There is obviously an inherent reliability problem with the API - no matter what we do it always can loose events if somebody is doing a lot of file system changes. We can try to fight this issue, but I also think that build_runner
should change the way it uses watchers to prevent events from build/
from overflowing the watch buffer. @jakemac53 could build_runner avoid watching directory that contains output of the build?
I think the only simple way we could try to cope with this is to try bumping kBufferSize
we use for DirectoryWatchHandle
higher (e.g. to several megabytes) - because there is an indication that the size of the internal buffer is controlled by that. Another possibility is to try issuing subsequentReadDirectoryChangesW
as fast as possible to drain internal OS buffer - but I think that would require some major refactoring of the implementation.
Just a simple thought while you lookging for a definitive solution: webdev serve
and build_runner serve
could have a --without-watcher
parameter, for example. We would not have a new build when there were changes. But at least this way we would have a _development server_ running without a high CPU usage.
could build_runner avoid watching directory that contains output of the build?
Here is at least one issue where we have discusses changing what we are watching to avoid seeing the updates we make in .dart_tool
- https://github.com/dart-lang/build/issues/1579
I think there may have been some other places where it came up.
There are some tricky things to work out if we try to do this - for instance if we start up watchers in the directories we care about initially, and a new directory we _would_ care about gets added, we won't have a watcher in it.
I think we could solve this if there were some SDK and OS supported way of either:
The other thing to consider would be to move the output somewhere other than .dart_tool
- and that is a tricky thing to solve...
@jakemac53 Sorry for delayed reply. For all the issue you posted,
If you start the watch script after the file modifying script is already running, then it won't see any events at all.

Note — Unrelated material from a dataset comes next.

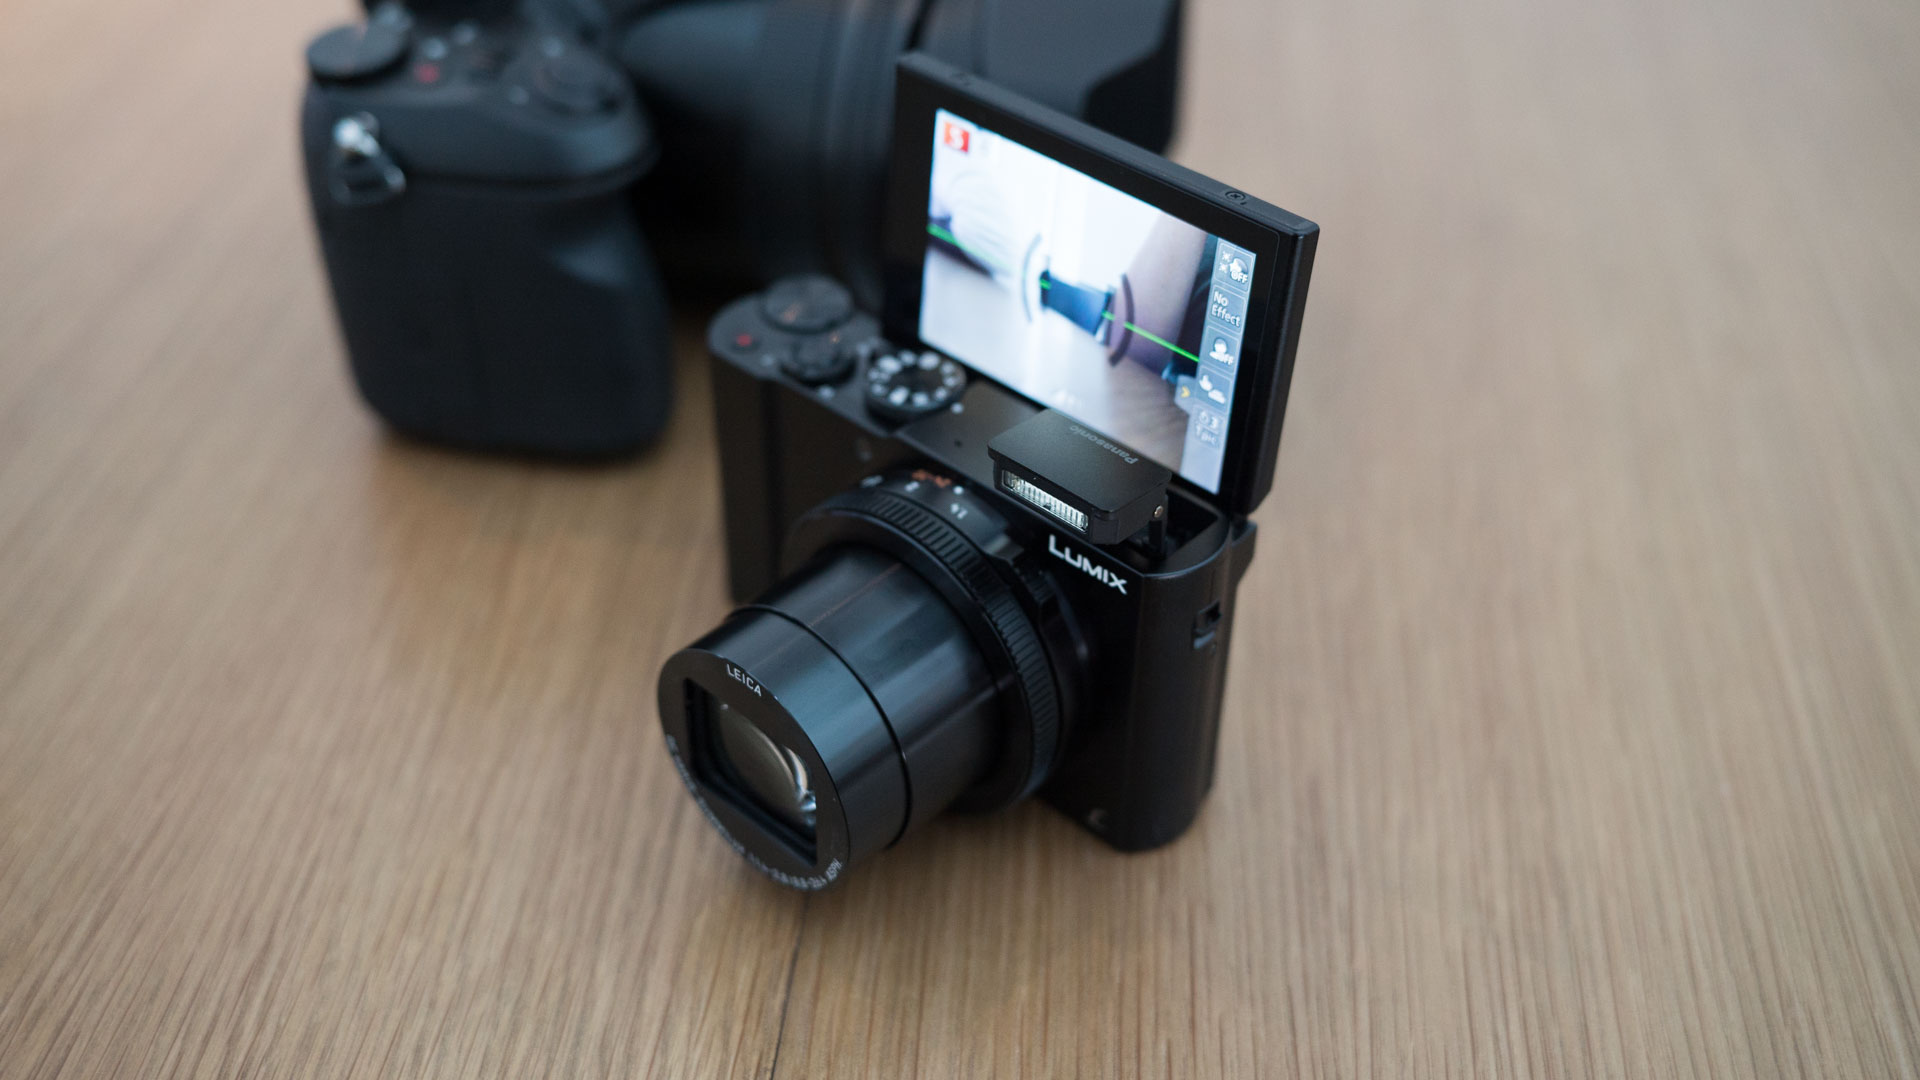 Compact cameras with manual exposure control

I managed to find the root cause for this. The reason is that ReadDirectoryChangesW
will be started immediately after it is set up. program has not come back to dart side to set up the stream, since modification happens in a very high frequency. Then the event sent by VM will not be received by dart side.
Can you try this cl locally to see whether it solve your problem? https://dart-review.googlesource.com/c/sdk/+/111342
After a while (few thousand events, but not consistent), the directory watcher script simply exits.

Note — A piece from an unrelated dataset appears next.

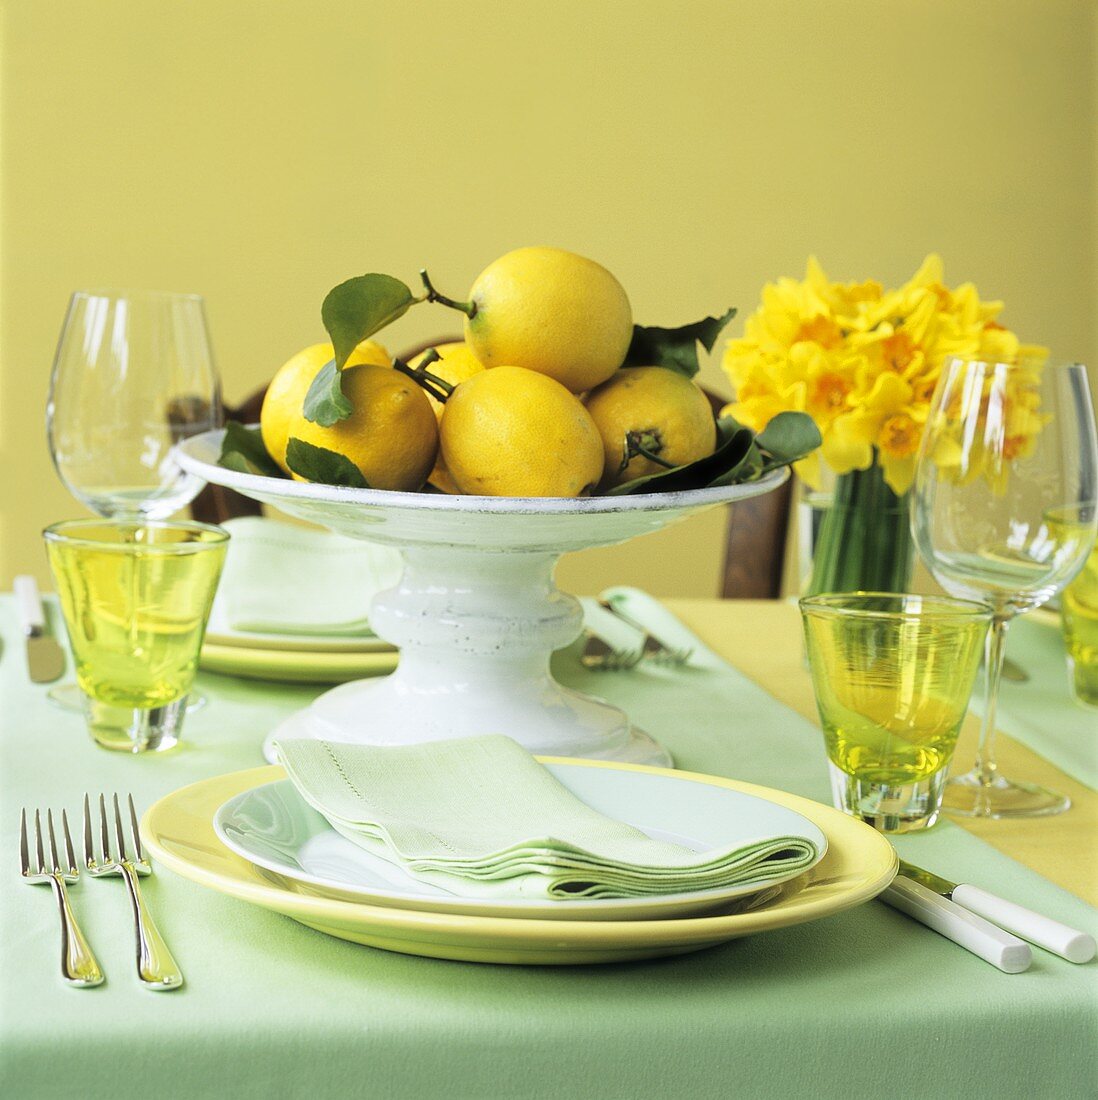 Bowl of lemons on table laid for two

The watcher script terminates in some weird way, I never see the Stream closed!! message on stdout, but the process does exit. There is no unhandled exception that surfaces either.

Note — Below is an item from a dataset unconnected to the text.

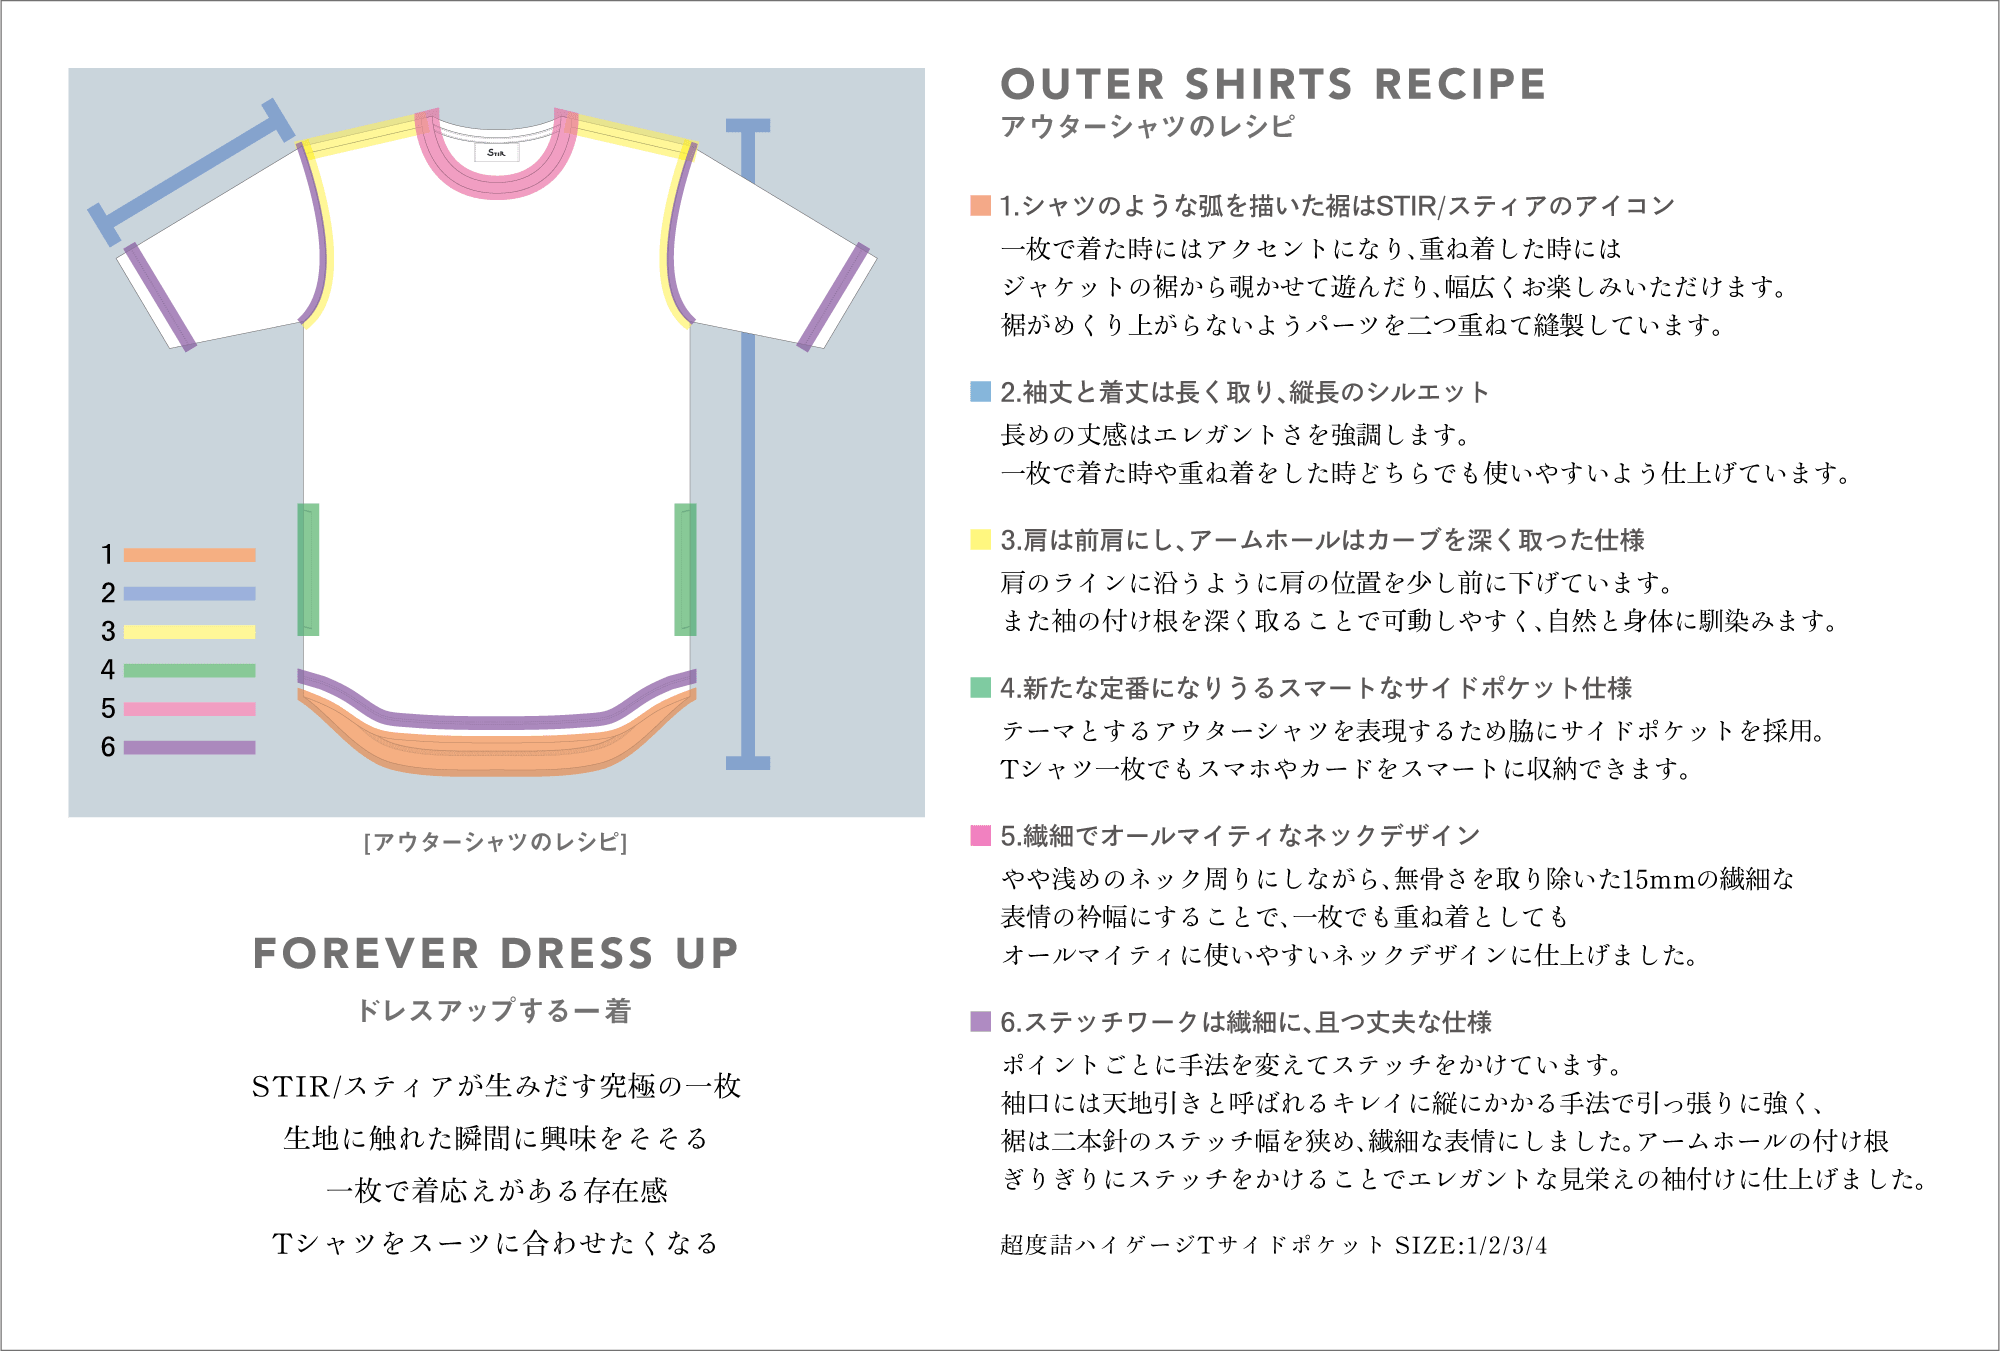 OUTER SHIRTS RECIPE

I have never triggered any termination when I worked on the issue. Do you know how to reproduce it consistently?
I have never triggered any termination when I worked on the issue. Do you know how to reproduce it consistently?
I don't seem to be able to reproduce this any more... :man_shrugging:.
Can you try this cl locally to see whether it solve your problem? https://dart-review.googlesource.com/c/sdk/+/111342
I don't have the sdk set up to build on my windows box (its my home machine) so I can't easily test, trying to figure out how to just download the version the try bots built though. Or you could land the cl and I could get it from the build bots after they run.
The fixing cl has been landed. Since termination issue cannot be reproduced, I'll close this.
@jakemac53 @ZichangG I believe one of core reasons this issue was opened was extremely poor performance seen here: https://github.com/dart-lang/webdev/issues/436
A lot of comments in this issue pertain to the performance aspect, but I don't think this fixes those issues?
If not, should the above issue be moved? Or a new issue be opened?
@mnordine the performance is poor because we have to use a polling watcher, this was the issue preventing us from migrating away from that and to the native windows directory watcher.
Great, is there another issue I can follow for that, so I know when I can test it out?
We can use https://github.com/dart-lang/webdev/issues/436 to track that, I added an update there. Will need to wait for the next dev release though.
The cl has introduced flakiness on bots. I'll reopen this issue and investigate on crashes. #37909
https://github.com/dart-lang/sdk/commit/95db62d6a2ecd1b8bb6eeec36fd58950855c1ab9 has landed and fix the problem!
@ZichangG I can now consistently repro the issue where the entire program simply exits - in 3 runs this happened between 100 and 200 events in so it doesn't take long (this is using the two original programs linked at the top). I saw the same behavior regardless of whether I started the watcher script before or after starting the file editing script.
The program exits without any sort of stack trace or anything so I unfortunatley can't help much with debugging here, I don't know if there are additional vm flags I could provide to get more logging?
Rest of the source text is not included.